The history of natural language processing (NLP) generally started in the 1950s, although work can be found from earlier periods.
In 1950, Alan Turing published an article titled "Computing Machinery and Intelligence" which proposed what is now called the Turing test as a criterion of intelligence.
The Georgetown experiment in 1954 involved fully automatic translation of more than sixty Russian sentences into English.
The authors claimed that within three or five years, machine translation would be a solved problem.
However, real progress was much slower, and after the ALPAC report in 1966, which found that ten-year-long research had failed to fulfill the expectations, funding for machine translation was dramatically reduced.
Little further research in machine translation was conducted until the late 1980s, when the first statistical machine translation systems were developed.
Some notably successful natural language processing systems developed in the 1960s were SHRDLU, a natural language system working in restricted "blocks worlds" with restricted vocabularies, and ELIZA, a simulation of a Rogerian psychotherapist, written by Joseph Weizenbaum between 1964 and 1966.
Using almost no information about human thought or emotion, ELIZA sometimes provided a startlingly human-like interaction. When the "patient" exceeded the very small knowledge base, ELIZA might provide a generic response, for example, responding to "My head hurts" with "Why do you say your head hurts?".

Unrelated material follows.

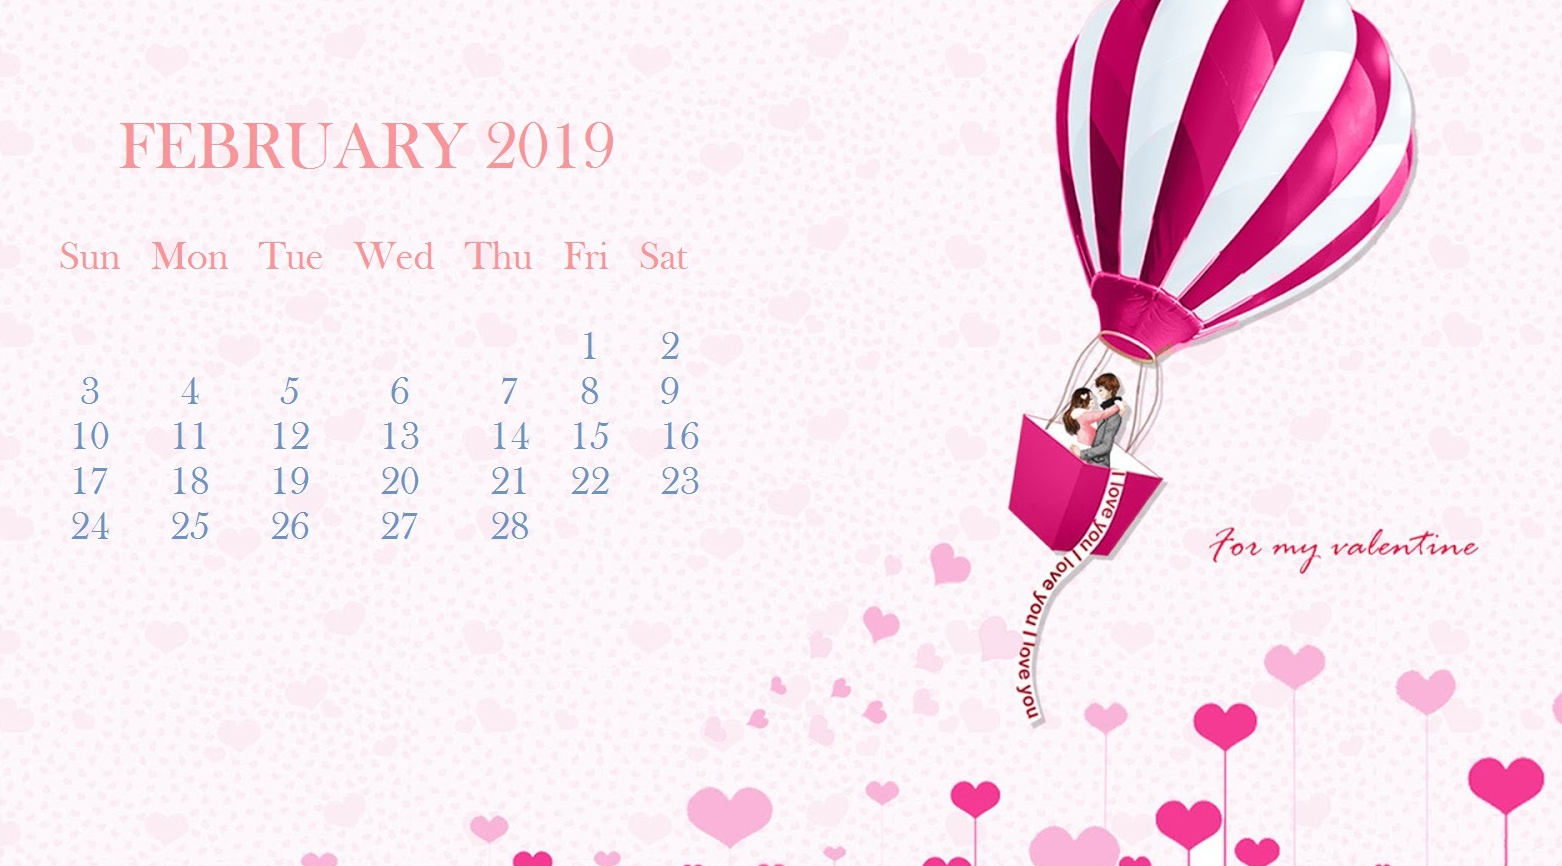 February 2019 Calendar Word Printable - Free Printable 2018 Calendar Feb 9 2019 Calendar

During the 1970s, many programmers began to write "conceptual ontologies", which structured real-world information into computer-understandable data.
Examples are MARGIE (Schank, 1975), SAM (Cullingford, 1978), PAM (Wilensky, 1978), TaleSpin (Meehan, 1976), QUALM (Lehnert, 1977), Politics (Carbonell, 1979), and Plot Units (Lehnert 1981).
During this time, many chatterbots were written including PARRY, Racter, and Jabberwacky.
Up to the 1980s, most natural language processing systems were based on complex sets of hand-written rules.